The internet absolutely had a speculative bubble. An enormous one. Many companies exploded. Many valuations were nonsense. Many investors got torched. And then, in a shocking development, the internet remained useful.
A bubble can form around nonsense. It can also form around a transformative innovation. These are not mutually exclusive.
A brief and helpful exercise
To save time, here is a simple test for future anti-Bitcoin arguments.
Take the argument and replace “Bitcoin” with:
the internet
software
email
cloud computing
digital payments
online banking
domain names
intellectual property
social networks
If the argument suddenly makes you sound like a man angrily denouncing electricity from a candle shop, it may need work.
Examples:
“Email has no intrinsic value.”
“Cloud computing is just code.”
“Domain names only have value because people believe they do.”
“You can’t eat the internet.”
“Video calls have no history compared to gold.”
“Software wastes energy.”
“APIs are speculative.”
Wonderful. Amazing. Please continue. We are learning so much.
Why this matters
The point is not that Bitcoin and the internet are identical. They are not. The point is that a huge number of lazy anti-Bitcoin arguments are actually lazy anti-digital, anti-tech arguments. They rely on a primitive worldview in which only physical, immediately tangible, directly consumable things can possess durable value.
That worldview is not serious enough for the modern economy.
We live in a civilization where value is regularly created by networks, standards, code, consensus, legal abstractions, and information systems. If your framework cannot account for that, your framework does not get to smugly announce reality’s failure to comply.

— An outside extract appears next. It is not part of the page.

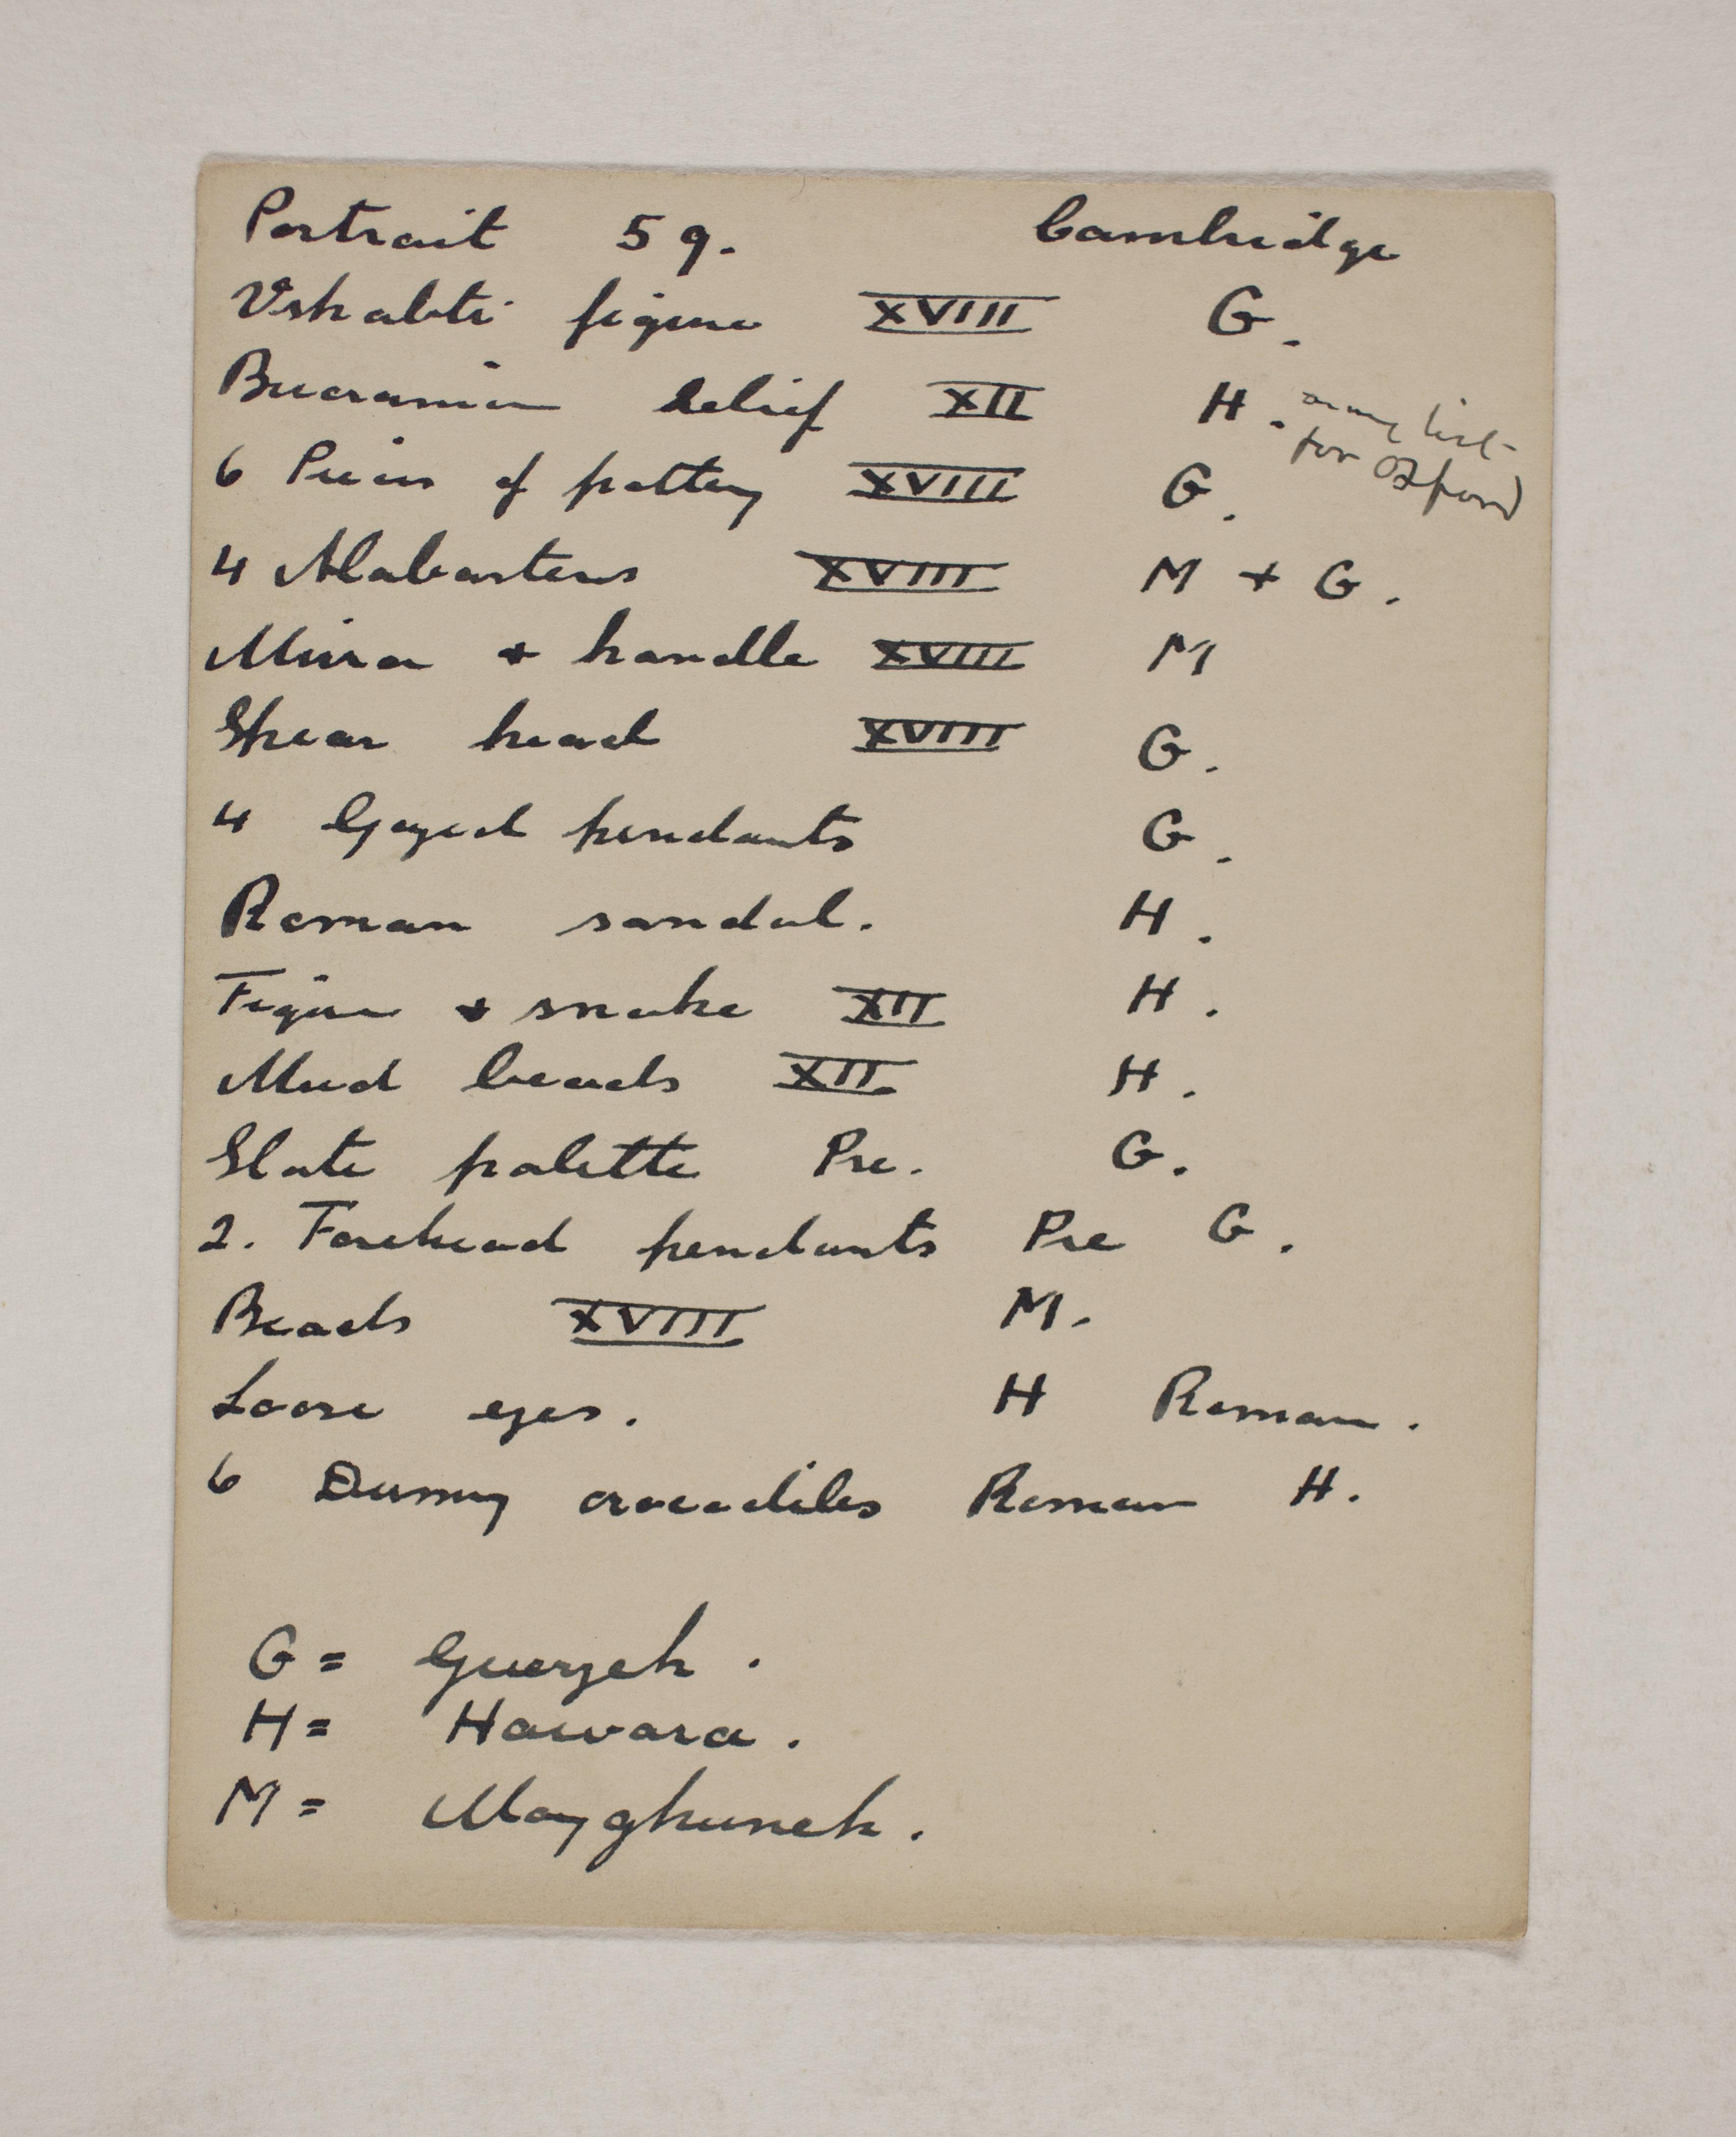 1910-11 Hawara, Gerzeh, Memphis, Mazghuneh Individual institution list  PMA/WFP1/D/19/19

It just means your map is old.
In conclusion: unplug everything
If we are to be consistent, we must act boldly.
If you cannot eat it, it is worthless. If it is code, it is fake. If it depends on belief, it is fraud. If it lacks centuries of history, it is unserious. If it uses energy, it is evil. If it is volatile, it is doomed.

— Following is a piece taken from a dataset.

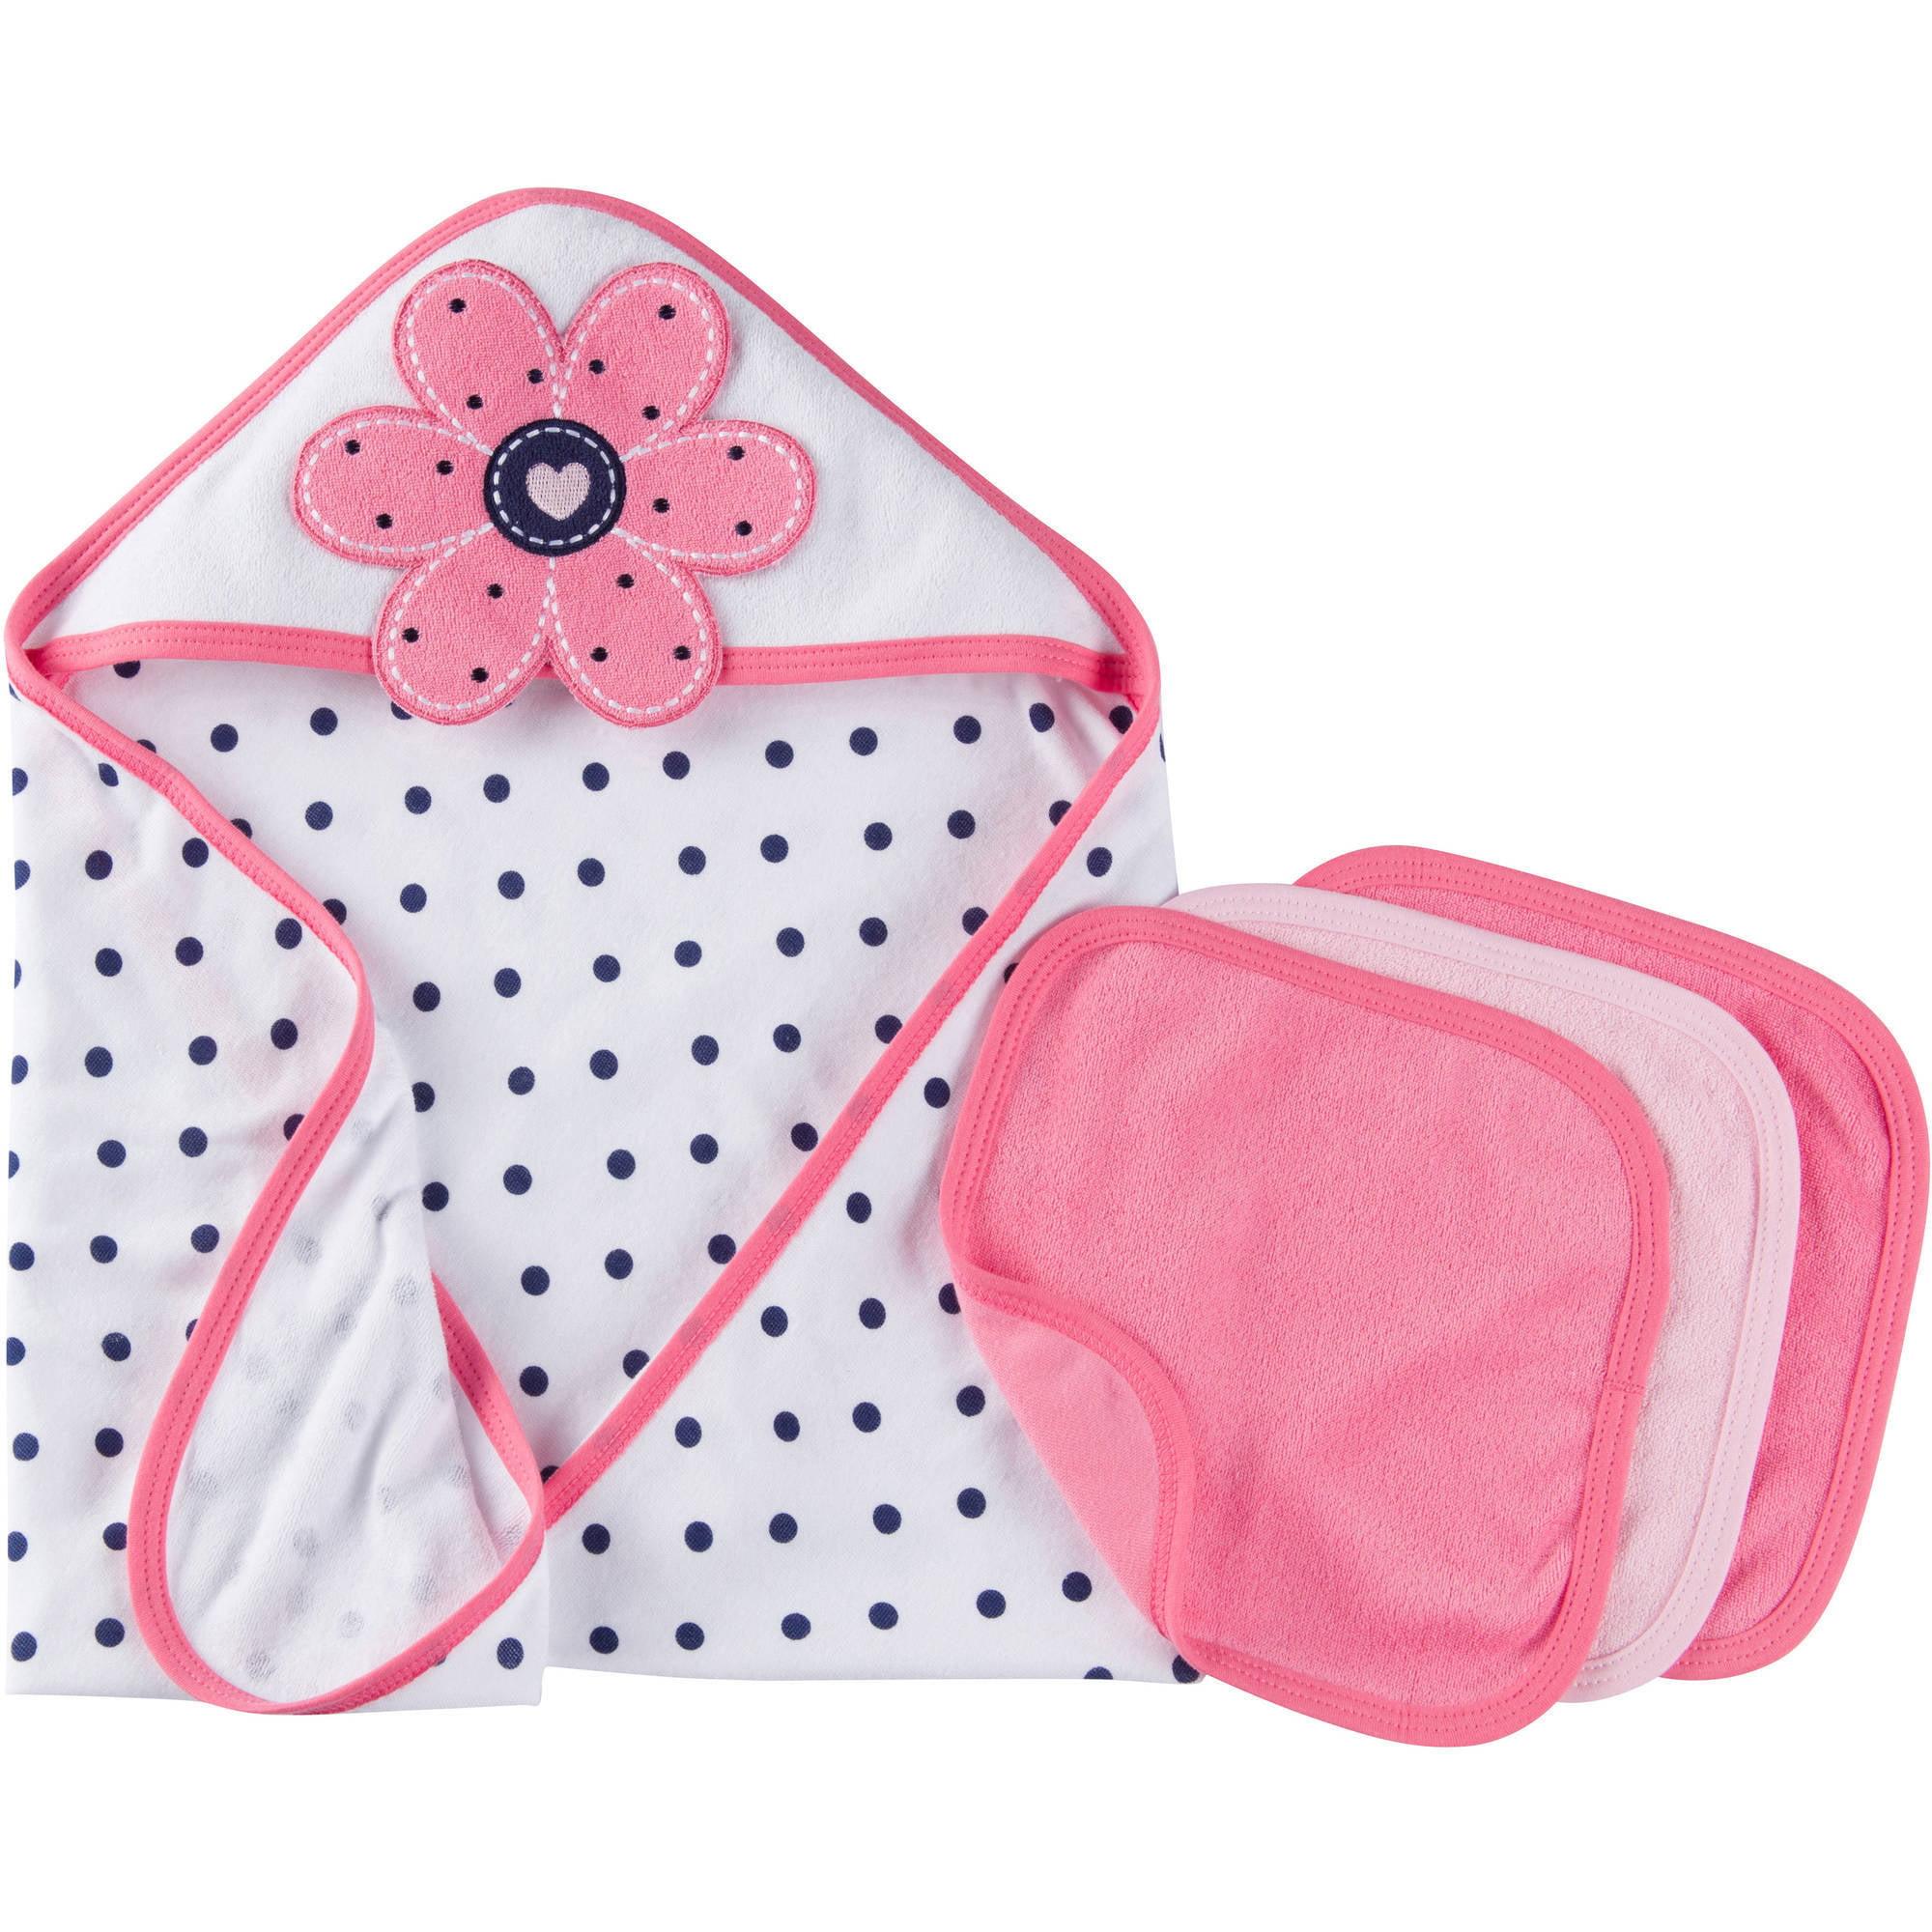 Gerber Newborn Baby Girl Towel and Washcloths Bath Essentials 4-Piece Gift Set

Therefore we must immediately abandon:
the internet
software companies
online commerce
remote work
streaming media
cloud infrastructure
electronic records
most of finance
and perhaps language itself, since it too is a consensus system with no intrinsic value beyond human belief
At long last, Peter Schiff has shown us the way.
Not merely beyond Bitcoin.
Beyond the internet.
Beyond modernity.
And all the way back to the comforting solidity of a shiny rock.